– j.soares@cpovo.net –
O lobby da indústria do turismo está agindo forte junto ao Congresso dos Estados Unidos no sentido de facilitar a concessão de visto para os cidadãos do Brasil e da China entrarem naquele país. E não é sem razão. Somos os dois maiores fluxos turísticos no país e, consequentemente, aqueles que lá mais deixam dinheiro. A média deixada pelo brasileiro é de quase US$ 5 mil. Para ser exato, US$ 4.925,00. Sendo que estamos à frente dos chineses, com US$ 4.540,00, vindo em terceiro lugar os japoneses, com US$ 4.290,00. Os dados são U.S. Travel Association. Uma decisão que já foi tomada é dobrar o número de funcionários dos consulados americanos no Brasil, para agilizar o processo de concessão de visto. Até porque o aumento do número de vistos para brasileiros foi de 44% no último ano.
Mais do que dobrar o número funcionários, o governo americano deveria providenciar é a descentralização da concessão de visto. Hoje, este serviço é prestado apenas em São Paulo, Rio, Brasília e Recife. O gaúcho, por exemplo, tem que agendar audiência em uma dessas cidades e se sujeitar a uma enorme espera em fila, e ainda responder a um questionário cheio de perguntas idiotas. A crise levou o governo americano a fechar o consulado em Porto Alegre, mas, será que não dava para ter pelo menos um posto para realizar os vistos por aqui? Assim como também em outras grandes capitais? Seria uma pequena consideração para o povo que mais está injetando dinheiro nos Estados Unidos.

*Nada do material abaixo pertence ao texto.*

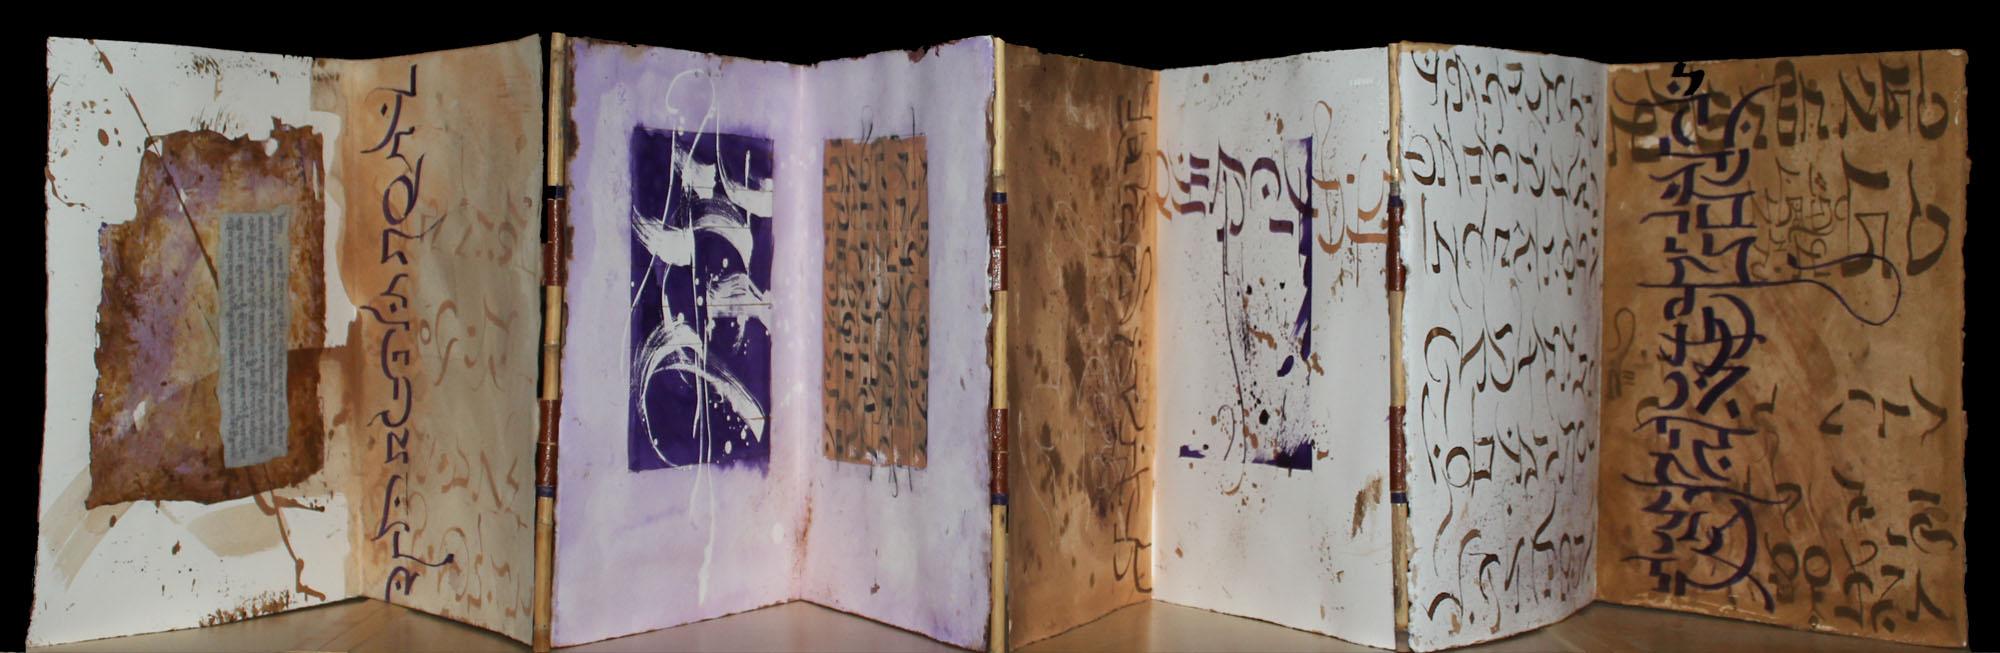 Wordforms, artist's book, by Joan Machinchick

O mais correto, no entanto, será eliminar a exigência do visto. Até porque a situação que levou à esta exigência não existe mais. A decisão fora tomada em vista do elevado número de brasileiros que ia para os Estados Unidos em busca de emprego. Hoje, os brasileiros estão voltando de lá, pois o desemprego passa dos 9%. E junto com eles estão vindo os americanos, que vislumbram as enormes possibilidades de trabalho que se abrem no Brasil, especialmente, nas áreas de informática e engenharia. Ironicamente, por outro lado, talvez seja interessante manter a reciprocidade do visto, para segurar a entrada dos americanos que aqui vêm buscar trabalho. A realidade é que a situação se inverteu. A crise está nos Estados Unidos, enquanto que o Brasil segue “bombando”.
Curioso que, em meio a esta situação, a presidente Dilma Roussef ainda vai dar ouvidos a Hugo “é culpa do ianquis” Chávez, para formação da tal de Celam, Comunidade dos Estados Latino Americanos e do Caribe. Organismo formado por todos os países da região, menos Estados Unidos e Canadá. Vai se contrapor à OEA, Organização dos Estados Americanos, onde aqueles dois países têm assento. Vai ser mais uma organização onde irá funcionar apenas a retórica, ditada por Hugo Chávez, para quem todos os problemas da América Latina e, especialmente, os da Venezuela, são culpa dos americanos. Num momento em que estamos numa situação favorável no mercado internacional para a atração de investimentos, não podemos dar ouvidos a quem manda as empresas embora de seu país. Nossa governante tem que seguir a postura dos estadistas, não dos proselitistas.